New York Medical Society Warns Providers to Avoid Percentage-Based Billing
A series of recoupment letters from the New York State Medicaid Fraud Control Unit (MFCU) to healthcare providers who have management or billing company arrangements based on a percentage of collections has prompted the Medical Society of the State of New York (MSSNY) to warn its members that such arrangements are fraudulent under Medicaid law. The warning, posted on its blog on February 10, 2017, also urged members to review their billing arrangements to make sure the compensation is based either on time or a fixed, flat fee.
In a redacted MFCU recoupment letter linked to the post, MFCU states that as a result of an audit and investigation, it has determined that the percentage based contract violates state and federal Medicaid regulations, including Section 360.7.5(c), which permits Medicaid providers to contract with billing agents if the compensation paid to the agent is “reasonably related to the cost of the services” and “unrelated, directly or indirectly, to the dollar amounts billed and collected.” The audit period was five years, and MFCU sought to collect the overpayment amount plus an additional nine percent (9%) interest.
The warning from MSSNY comes at a critical time for healthcare providers, who have seen sweeping changes in their industry over the last decade from the transition away from fee-for-service to value-based payments, to the alignment of hospitals, physicians and other providers in accountable care organizations and other clinically integrated models. As healthcare delivery continues to evolve, providers continue to seek new economic arrangements that will help their businesses thrive, including management services arrangements.

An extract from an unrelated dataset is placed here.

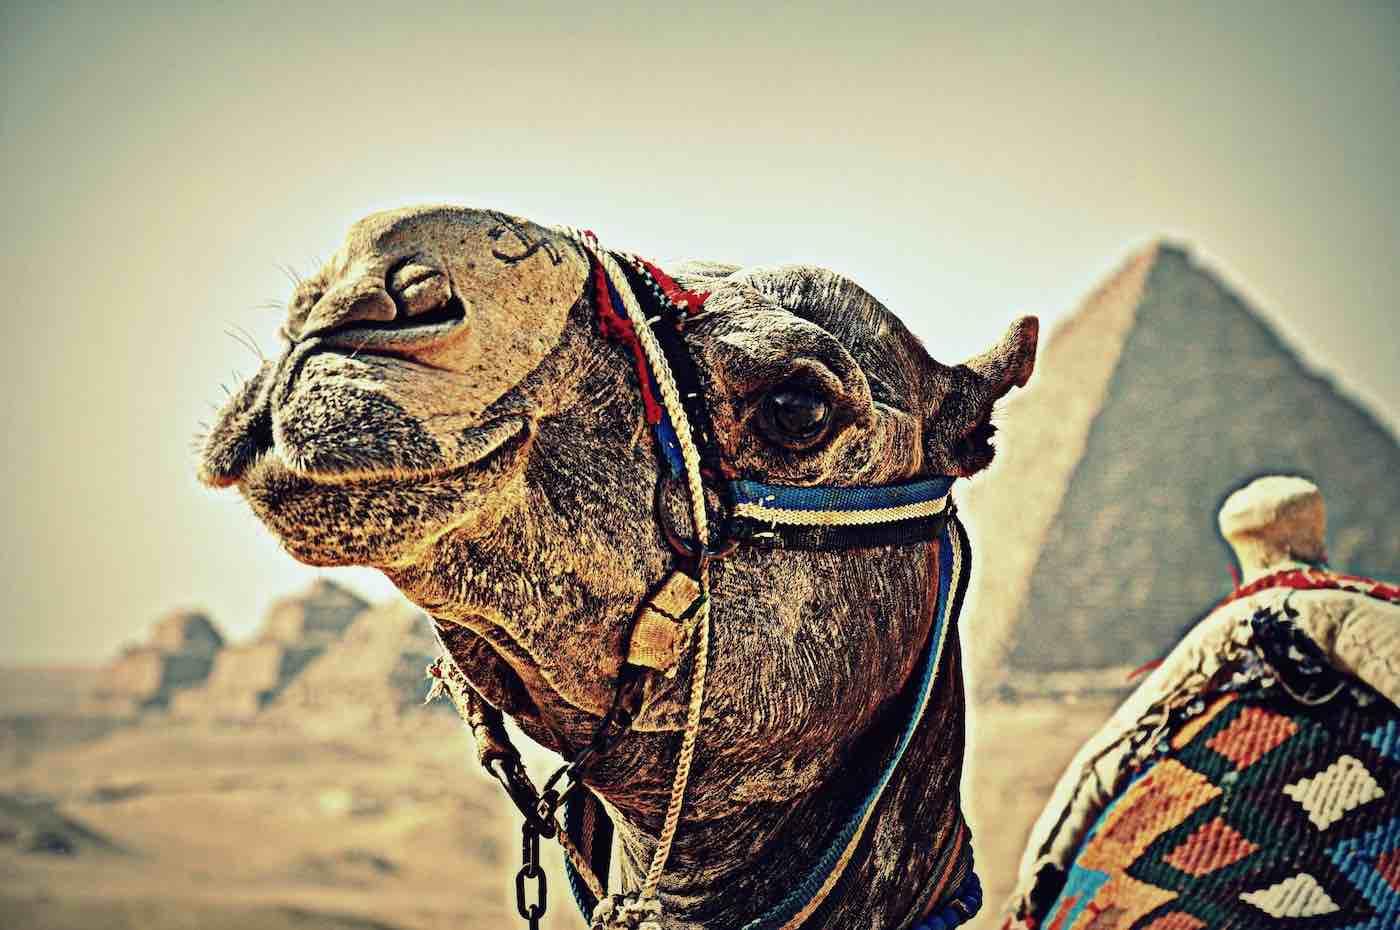 Reizen naar Egypte: Kameel en piramides

A management services arrangement allow providers to delegate the administrative side of the practice to professional billers, bookkeepers and back-office suppliers, which in turn allows the providers to focus on patient care.
The problem with many management services arrangements, however, is that the compensation is often based on a percentage of the practice’s revenue. This type of arrangement has long been prohibited in New York because it is deemed to constitute fee-splitting. The fee splitting prohibition – the sharing of fees for professional services between licensed and unlicensed individuals or entities – is intended to guard against improper interference or influence from lay persons who ostensibly have the financial bottom line, rather than the patient’s best interest, in mind. While the division of fees that are tied to patient referrals, as well as overbilling and overutilization, are genuine and reasonable concerns, many health care professionals and service providers have questioned whether a broad-based fee-splitting prohibition is the best solution for addressing these concerns. Indeed, other states with fee splitting prohibitions, such as California, expressly permit or safe harbor percentage-based compensation with management services organizations.

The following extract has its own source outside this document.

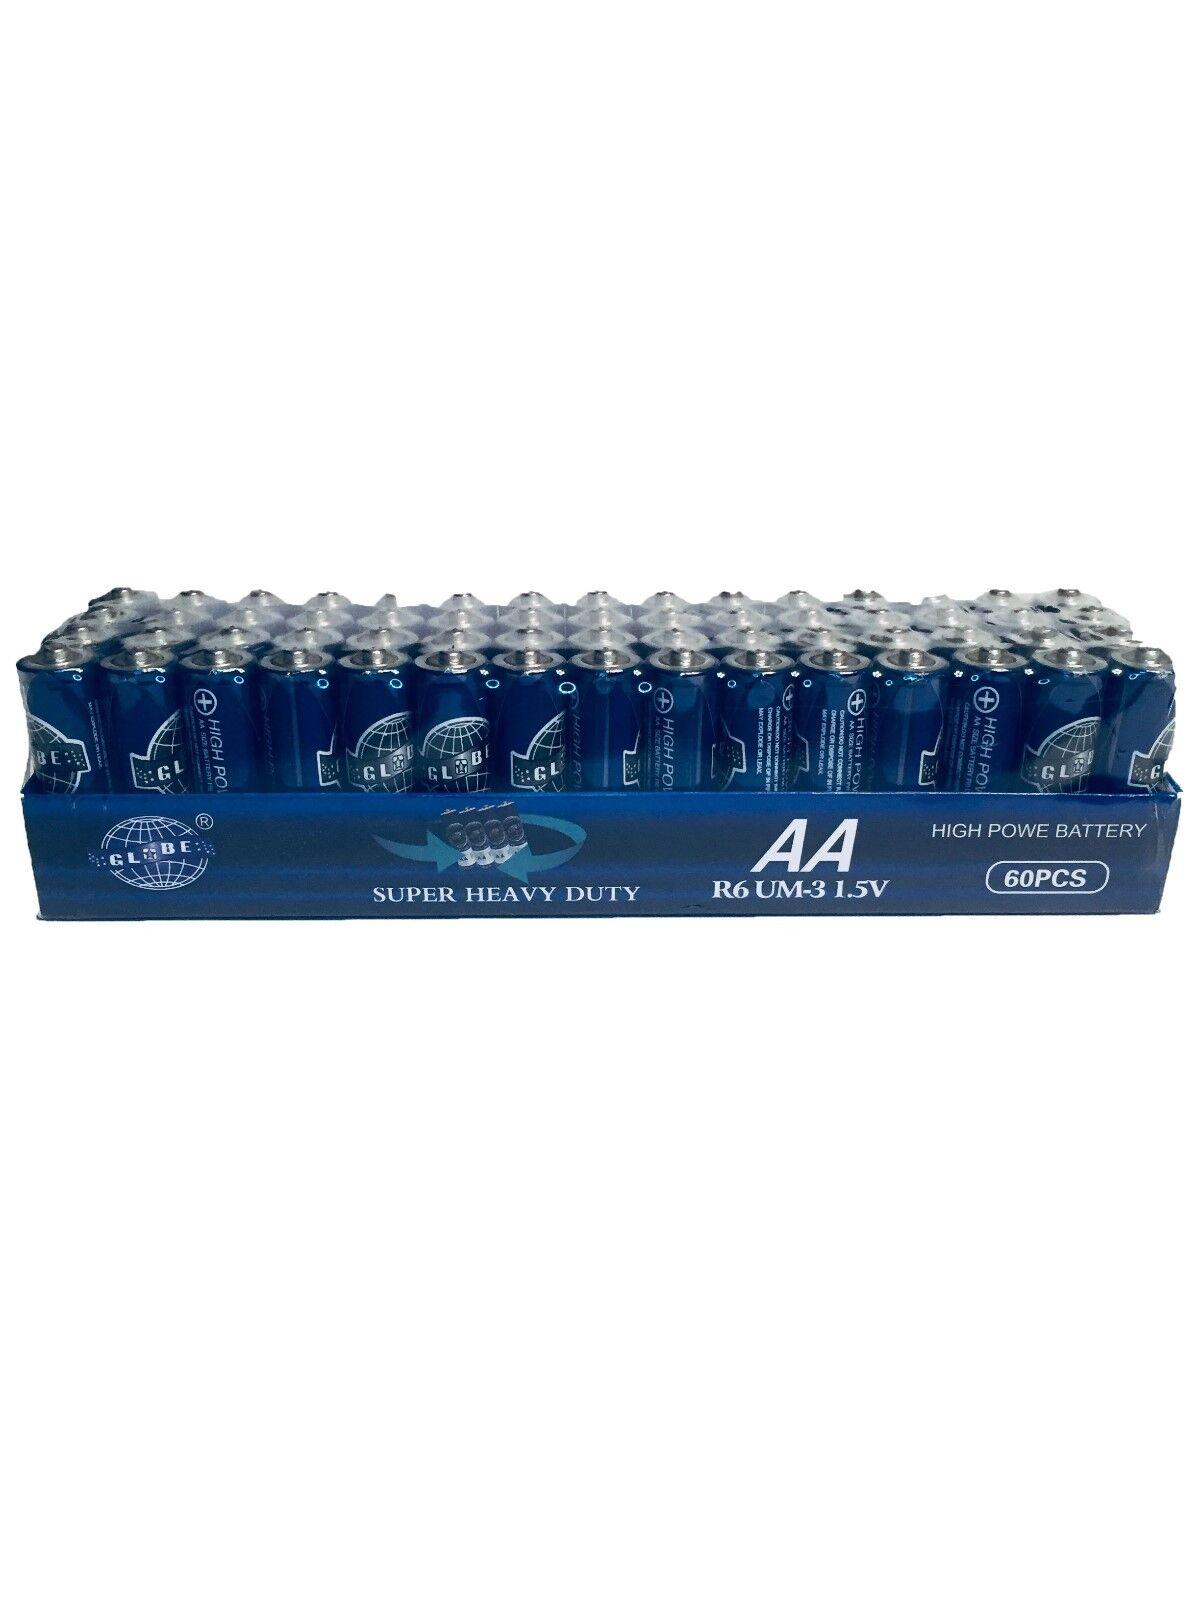 Lot of 120 AA Batteries EXTRA Heavy Duty 1.5 V. 2 Pack 60 Pcs

While the MSSNY post points out that the recent enforcement activity is the result of MFCU efforts and unrelated to any Department of Health (DOH), Office of Medicaid Inspector General (part of DOH but reports to the Governor), Office of Professional Medical Conduct (also part of DOH) or Education Department (which licenses physicians) endeavors, physicians and other healthcare providers should remain cognizant of the fact that fee-splitting does constitute professional misconduct and puts their license in jeopardy.
Despite the State’s long standing fee splitting prohibition and the recent MFCU enforcement activity, change in New York is not entirely inconceivable. As recently as 2015, a bill was introduced in the State Senate that would have expressly allowed hospitals and physicians to pay practice management and billing vendors based on a percentage of fees billed or collected as long as it constituted fair market value. But for now the prohibition is alive and well, which means physicians, group practices and management services organizations should continue to carefully examine their current and proposed arrangements to ensure compliance with the fee-splitting prohibition.